Ideally we would have a function that works like slapi_ch_smprintf but smarter. You could pass in a buffer to use, and if the result would overflow that buffer, return malloc'd memory instead. In most cases, filters will be small, so we should allow small fixed size buffers to be used, but we also need to handle the "abnormal" cases (or attacks) where someone is passing a very, very large filter that requires escaping.
1) It's just a coding style issue, but we usually use slapi_ch_free_string to free a string (char ) to avoid cast (void ). We'd like to get rid of cast as much as we can... Also, slapi_ch_free* takes a pointer to NULL. So, we don't need "if (filter_str_ptr)"... 2979 if (new_filter_str) slapi_ch_free((void ) &new_filter_str); 2970 if (filter_str_ptr) slapi_ch_free((void *) &filter_str_ptr);
2) It looks slapi_escape_filter_value has a chance to return NULL. If it occurs, strlen crashes. 539 escaped_filter_val = slapi_escape_filter_value(dn, dn_len); 540 dn_len = strlen(escaped_filter_val);
3) I guess in this function get_substring_filter, val returned from slapi_escape_filter_value is leaked?
4) I'm just curious. Why these values are string instead of an integer value? 3577 #define ESC_NEXT_VAL "ESC__NEXT__VAL" 3578 #define NORM_NEXT_VAL "NORM__NEXT__VAL" 3579 #define ESC_AND_NORM_NEXT_VAL "ESC__AND__NORM__NEXT__VAL"
Can it be like this?
escaped_val = slapi_filter_sprintf("cn=%d%s", ESC_NEXT_VAL, value);
If it's possible, comparing 2 integer values would be easier/faster than comparing 2 strings... if (strcmp(val, ESC_NEXT_VAL) == 0){
5) slapi_sdn_get_dn returns normalized DN. In addition to it, slapi_sdn_get_ndn converts upper case chars to lower case. We have to call slapi_sdn_get_dn since we don't want to lose the case information in the DN values. 595 value->bv.bv_val = slapi_ch_strdup(slapi_sdn_get_dn(sdn)); 595 value->bv.bv_val = slapi_ch_strdup(slapi_sdn_get_ndn(sdn));
Replying to [comment:6 nhosoi]:
No problem.
I'll check this out.
I'll look into this.
4) I'm just curious. Why these values are string instead of an integer value? 3577 #define ESC_NEXT_VAL "ESC__NEXT__VAL" 3578 #define NORM_NEXT_VAL "NORM__NEXT__VAL" 3579 #define ESC_AND_NORM_NEXT_VAL "ESC__AND__NORM__NEXT__VAL" Can it be like this? define ESC_NEXT_VAL 1 escaped_val = slapi_filter_sprintf("cn=%d%s", ESC_NEXT_VAL, value); If it's possible, comparing 2 integer values would be easier/faster than comparing 2 strings... if (strcmp(val, ESC_NEXT_VAL) == 0){
Great idea, I'll work on this.
In my testing, the value was NEVER normalized until I changed this to use the "ndn" function. This was because the sdn did not have the normalized dn in its struct(its NULL). So are you saying if the slapi_DN doesn't have the normalized dn in its structure, or just return the unnormalized dn? In effect we don't normalize anything, we only return a normalized DN if one exists. I thought Rich wanted to "normalize" a value, maybe not.

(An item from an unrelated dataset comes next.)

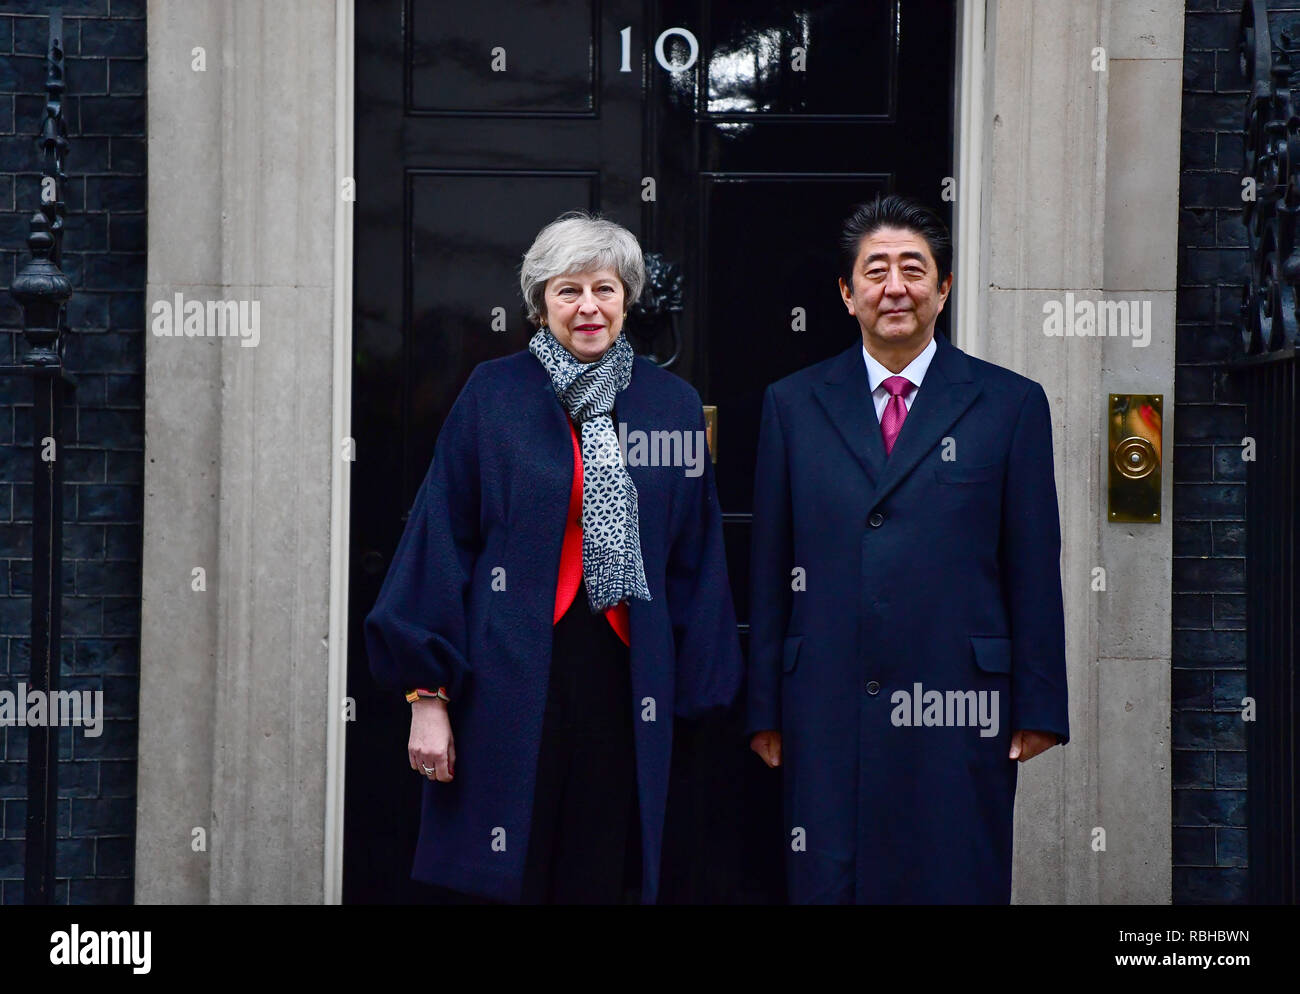 El Primer Ministro Teresa Mayo saluda al Primer Ministro japonés Shinzo Abe fuera el número 10 de Downing Street, Londres, antes de una reunión bilateral. Foto de stock

Replying to [comment:7 mreynolds]:
Replying to [comment:6 nhosoi]: 5) slapi_sdn_get_dn returns normalized DN. In addition to it, slapi_sdn_get_ndn converts upper case chars to lower case. We have to call slapi_sdn_get_dn since we don't want to lose the case information in the DN values. 595 value->bv.bv_val = slapi_ch_strdup(slapi_sdn_get_dn(sdn)); 595 value->bv.bv_val = slapi_ch_strdup(slapi_sdn_get_ndn(sdn)); In my testing, the value was NEVER normalized until I changed this to use the "ndn" function.
In my testing, the value was NEVER normalized until I changed this to use the "ndn" function.

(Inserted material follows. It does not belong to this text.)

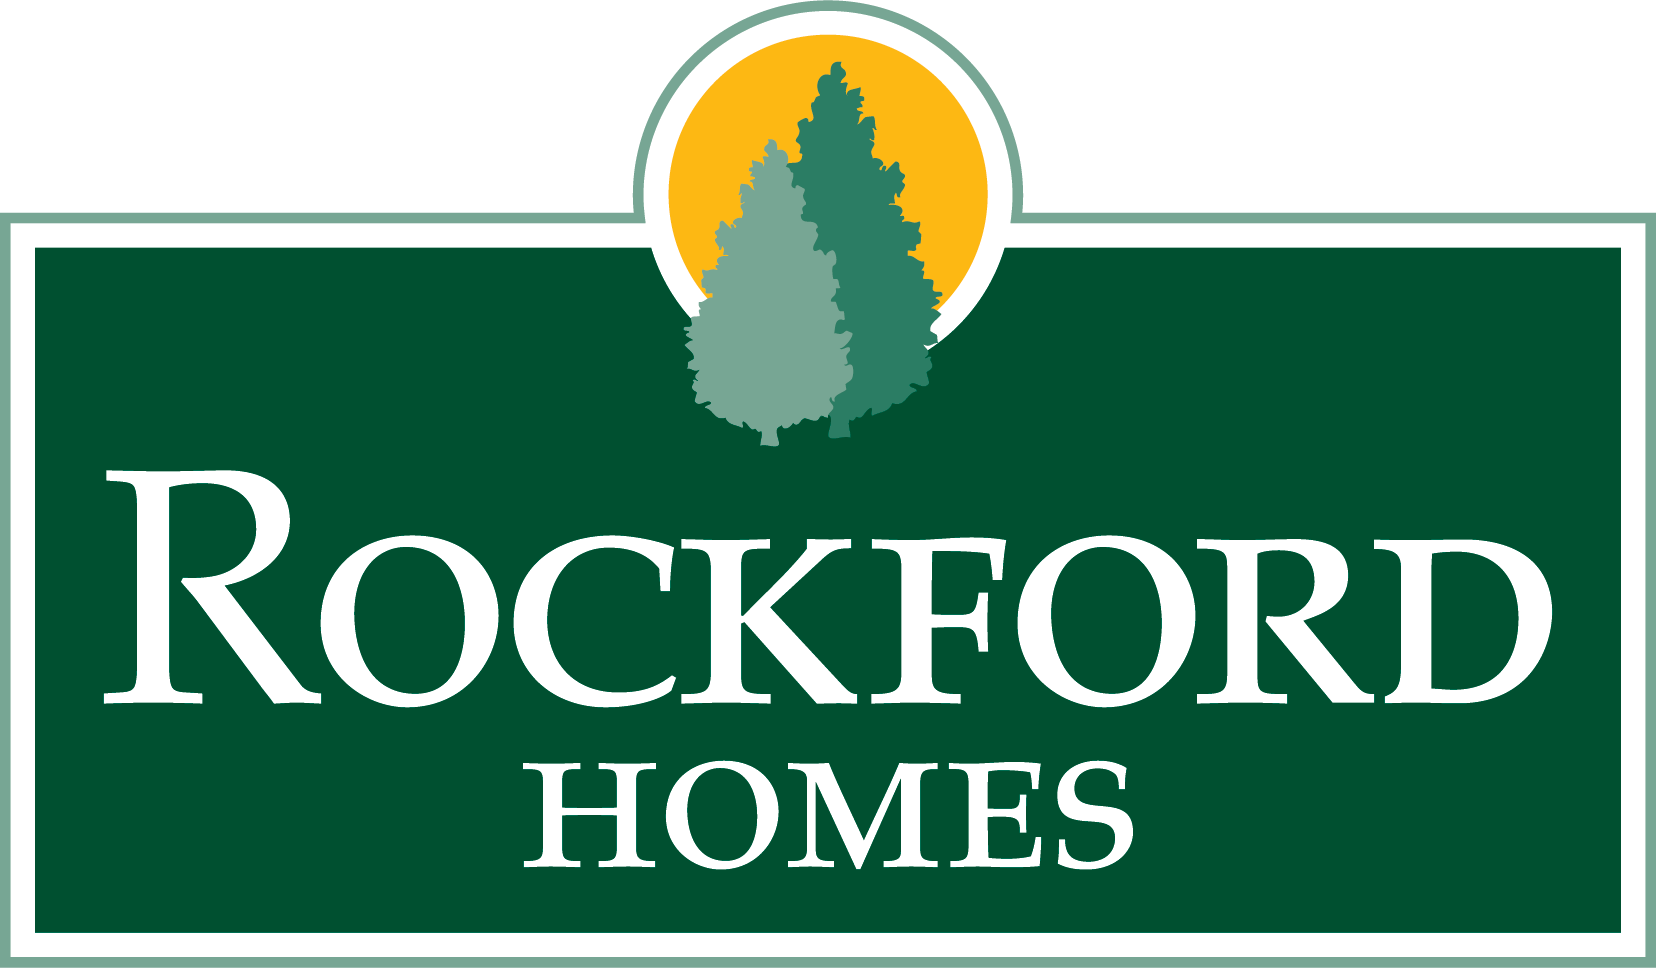 Rockford Homes

If that's the symptom, that's a bug...
value_normalize_value passes in value->bv.bv_val to sdn. In the function, udn, dn and ndn in sdn are initialized to NULL. Then, value->bv.bv_val is set to udn. In slapi_sdn_get_dn, since dn and ndn are both NULL, udn would be normalized and set to dn and the dn is returned. value_normalize_value(Slapi_Value *value)
Please see slapi_sdn_get_ndn in dn.c, it just calls slapi_sdn_get_dn internally, lower-case the string, then return it...
This was because the sdn did not have the normalized dn in its struct(its NULL).
Again, if sdn does not have the normalize dn (NULL), slapi_sdn_get_dn is supposed to call slapi_dn_normalize_ext and generate the normalized dn. If you see something else, that's a bug. Please open a ticket (with a reproducer ;).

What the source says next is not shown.